* _What the task asks_
In the records below, find the line containing "Baby Dior La"; give it again exactly, along with every line that follows, and nothing else.

* _Items from a dataset_
= Beginning of Section =

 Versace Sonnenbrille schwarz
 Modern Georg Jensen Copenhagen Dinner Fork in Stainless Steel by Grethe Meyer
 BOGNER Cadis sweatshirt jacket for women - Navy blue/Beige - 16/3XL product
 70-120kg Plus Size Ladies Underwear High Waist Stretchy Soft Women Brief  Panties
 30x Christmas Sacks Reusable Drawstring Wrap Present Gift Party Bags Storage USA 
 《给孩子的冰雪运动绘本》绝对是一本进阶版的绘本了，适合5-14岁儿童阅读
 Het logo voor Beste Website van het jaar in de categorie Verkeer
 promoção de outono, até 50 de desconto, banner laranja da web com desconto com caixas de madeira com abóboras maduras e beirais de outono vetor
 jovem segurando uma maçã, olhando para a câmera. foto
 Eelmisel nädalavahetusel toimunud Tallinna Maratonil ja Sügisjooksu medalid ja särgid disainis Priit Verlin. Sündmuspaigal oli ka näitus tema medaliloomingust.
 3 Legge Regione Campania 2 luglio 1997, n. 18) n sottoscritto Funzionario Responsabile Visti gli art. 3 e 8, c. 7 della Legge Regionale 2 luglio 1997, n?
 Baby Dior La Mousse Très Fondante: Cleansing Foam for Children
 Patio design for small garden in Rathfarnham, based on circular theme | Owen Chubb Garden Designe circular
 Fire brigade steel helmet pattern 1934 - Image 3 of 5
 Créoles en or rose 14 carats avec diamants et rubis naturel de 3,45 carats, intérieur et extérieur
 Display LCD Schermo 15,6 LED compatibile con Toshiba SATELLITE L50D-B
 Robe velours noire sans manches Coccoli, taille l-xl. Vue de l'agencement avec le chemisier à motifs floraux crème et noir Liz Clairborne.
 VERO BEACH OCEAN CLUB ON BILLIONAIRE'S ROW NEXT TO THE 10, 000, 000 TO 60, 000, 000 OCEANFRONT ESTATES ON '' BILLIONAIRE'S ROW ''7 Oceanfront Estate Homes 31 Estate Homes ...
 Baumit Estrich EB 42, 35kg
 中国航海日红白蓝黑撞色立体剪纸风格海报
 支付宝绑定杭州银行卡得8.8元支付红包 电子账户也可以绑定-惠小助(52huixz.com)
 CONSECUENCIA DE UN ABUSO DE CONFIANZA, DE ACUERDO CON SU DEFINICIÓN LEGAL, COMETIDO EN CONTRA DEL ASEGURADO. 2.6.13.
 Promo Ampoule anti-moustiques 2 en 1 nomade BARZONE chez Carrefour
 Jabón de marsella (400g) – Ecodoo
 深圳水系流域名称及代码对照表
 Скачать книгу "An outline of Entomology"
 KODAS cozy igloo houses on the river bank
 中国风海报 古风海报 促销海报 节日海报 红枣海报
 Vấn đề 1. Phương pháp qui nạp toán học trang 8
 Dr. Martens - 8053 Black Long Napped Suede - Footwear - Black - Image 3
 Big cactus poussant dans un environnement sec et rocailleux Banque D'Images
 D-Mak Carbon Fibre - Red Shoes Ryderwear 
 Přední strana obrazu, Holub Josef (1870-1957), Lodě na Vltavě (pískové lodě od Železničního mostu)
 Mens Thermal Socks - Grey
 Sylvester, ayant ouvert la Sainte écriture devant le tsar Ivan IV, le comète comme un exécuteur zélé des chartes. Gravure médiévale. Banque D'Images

= End of Section =

* _Answer space_
 Baby Dior La Mousse Très Fondante: Cleansing Foam for Children
 Patio design for small garden in Rathfarnham, based on circular theme | Owen Chubb Garden Designe circular
 Fire brigade steel helmet pattern 1934 - Image 3 of 5
 Créoles en or rose 14 carats avec diamants et rubis naturel de 3,45 carats, intérieur et extérieur
 Display LCD Schermo 15,6 LED compatibile con Toshiba SATELLITE L50D-B
 Robe velours noire sans manches Coccoli, taille l-xl. Vue de l'agencement avec le chemisier à motifs floraux crème et noir Liz Clairborne.
 VERO BEACH OCEAN CLUB ON BILLIONAIRE'S ROW NEXT TO THE 10, 000, 000 TO 60, 000, 000 OCEANFRONT ESTATES ON '' BILLIONAIRE'S ROW ''7 Oceanfront Estate Homes 31 Estate Homes ...
 Baumit Estrich EB 42, 35kg
 中国航海日红白蓝黑撞色立体剪纸风格海报
 支付宝绑定杭州银行卡得8.8元支付红包 电子账户也可以绑定-惠小助(52huixz.com)
 CONSECUENCIA DE UN ABUSO DE CONFIANZA, DE ACUERDO CON SU DEFINICIÓN LEGAL, COMETIDO EN CONTRA DEL ASEGURADO. 2.6.13.
 Promo Ampoule anti-moustiques 2 en 1 nomade BARZONE chez Carrefour
 Jabón de marsella (400g) – Ecodoo
 深圳水系流域名称及代码对照表
 Скачать книгу "An outline of Entomology"
 KODAS cozy igloo houses on the river bank
 中国风海报 古风海报 促销海报 节日海报 红枣海报
 Vấn đề 1. Phương pháp qui nạp toán học trang 8
 Dr. Martens - 8053 Black Long Napped Suede - Footwear - Black - Image 3
 Big cactus poussant dans un environnement sec et rocailleux Banque D'Images
 D-Mak Carbon Fibre - Red Shoes Ryderwear 
 Přední strana obrazu, Holub Josef (1870-1957), Lodě na Vltavě (pískové lodě od Železničního mostu)
 Mens Thermal Socks - Grey
 Sylvester, ayant ouvert la Sainte écriture devant le tsar Ivan IV, le comète comme un exécuteur zélé des chartes. Gravure médiévale. Banque D'Images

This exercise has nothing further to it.